Challenges with Long Contexts
- While comprehensive context improves responses, excessively long contexts (e.g., millions of tokens, multiple tools, or extensive documents) can degrade performance. Issues include:
- Distraction: Irrelevant information diverts the LLM’s focus.
- Confusion: Overloaded context overwhelms the model, reducing clarity.
- Context Clashes: Contradictory information within the context leads to inconsistent outputs.
- Source: How Long Contexts Fail | Drew Breunig
Context Management Tactics
-
Effective context management follows the principle of “garbage in, garbage out”: high-quality, relevant context yields accurate responses.
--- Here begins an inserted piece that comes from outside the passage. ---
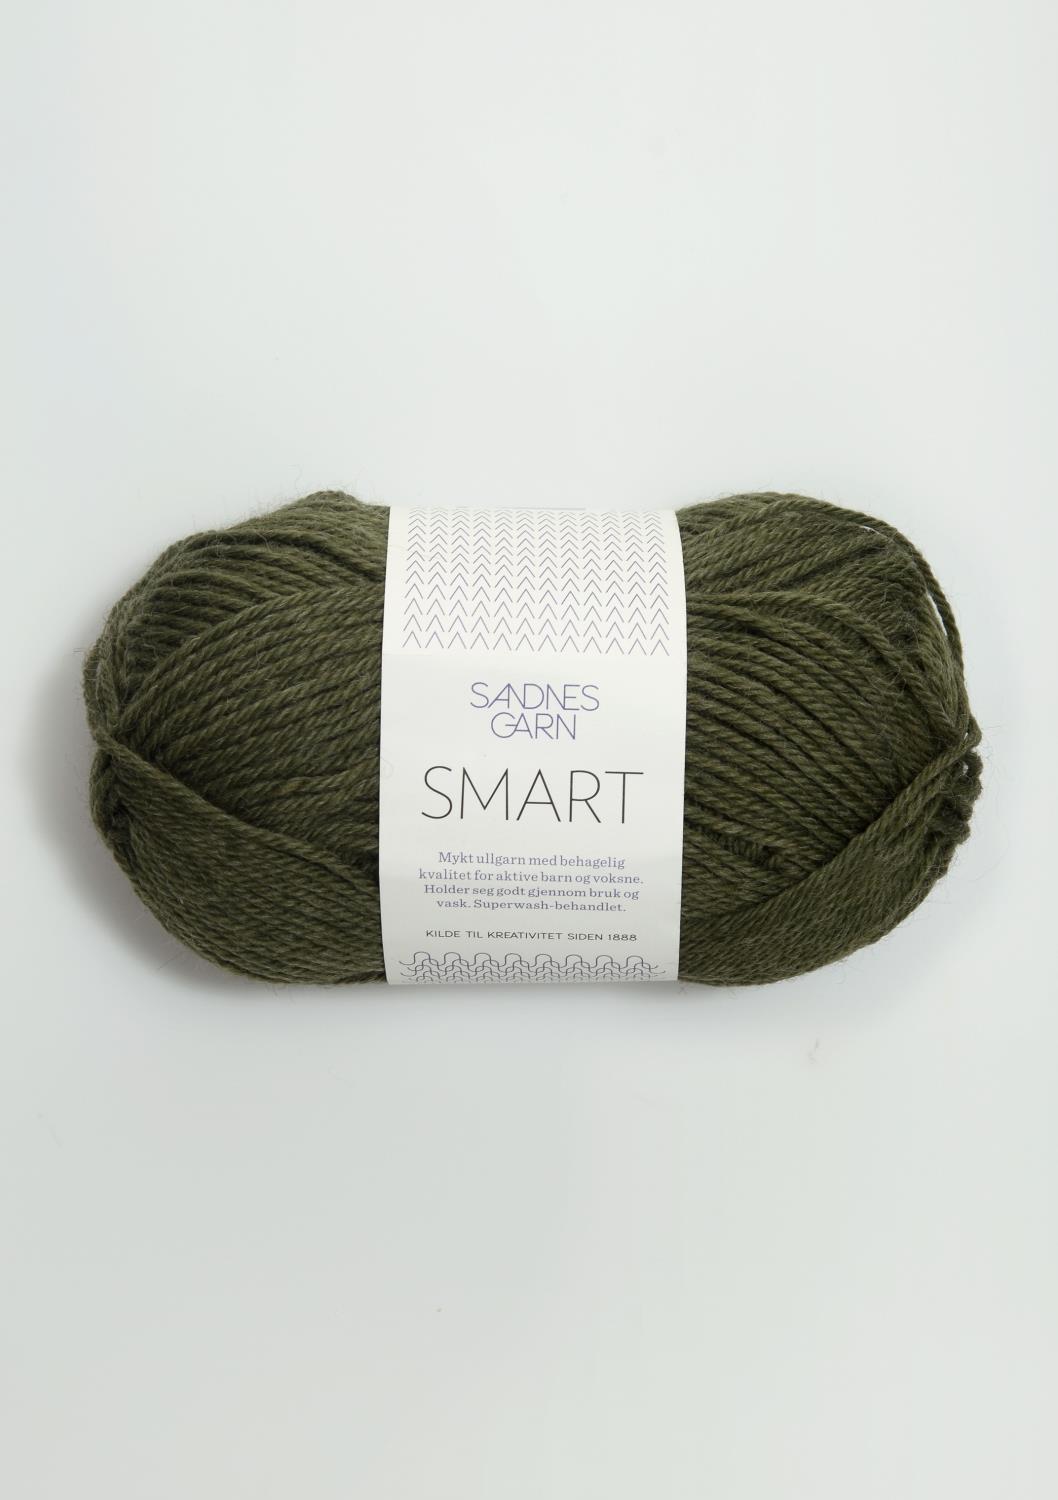 Smart Sandnes 9572 - Mørk Grønnmelert

Below are key tactics to optimize context, inspired by How to Fix Your Context | Drew Breunig.
-
Retrieval-Augmented Generation (RAG)
- Description: Selectively fetches relevant, up-to-date external information to enrich the LLM’s context.
- Benefit: Enhances response accuracy without overloading the model.
- Example: For a query about recent news, RAG retrieves current articles instead of relying on static knowledge.
-
Tool Loadout Selection
- Description: Chooses only relevant tool definitions to include in the context, avoiding unnecessary complexity.
- Approaches:
- RAG for Tools: Use a retrieval system to match tools to the user’s query (e.g., selecting a calendar tool for scheduling queries).
- LLM-Powered Recommender: Prompt the LLM to identify which tools are needed for a task.
- Consideration: The number of tools impacts performance:
- Some models handle 20–30 tools effectively but struggle with hundreds.
- Example: For a query about scheduling, include only the calendar tool definition, not irrelevant tools like web search.
-
Context Quarantine
- Description: Isolates different contexts in separate processing threads, each with specific tools or data.
- Benefit: Prevents cross-contamination of contexts and reduces the risk of conflicting instructions.
- Example: Break a complex query into parallel tasks (e.g., one thread handles calendar data, another handles email drafting).
-
Context Pruning
- Description: Removes irrelevant or redundant information from the context to maintain focus.
- Benefit: Reduces noise, improving model efficiency and response accuracy.
- Example: Exclude outdated conversation history unrelated to the current query.
-
Context Summarization
- Description: Condenses large contexts (e.g., long conversation histories) into concise summaries.
- Benefit: Maintains essential information while reducing token count and complexity.
- Example: Summarize a multi-turn conversation into key points for the LLM to reference.
-
Context Offloading
- The "think" tool: Enabling Claude to stop and think \ Anthropic
- Description: Stores information externally via tools, retrieving it only when needed, rather than including it in the LLM’s context.
- Benefit: Reduces context size, especially for data not immediately relevant to the query.
- Example: Use a “think” tool to store intermediate data, as described in The "think" tool: Enabling Claude to stop and think | Anthropic.
- Use Case: When the model requires external data (e.g., database results) to formulate a response, offload processing to a tool that manages the data.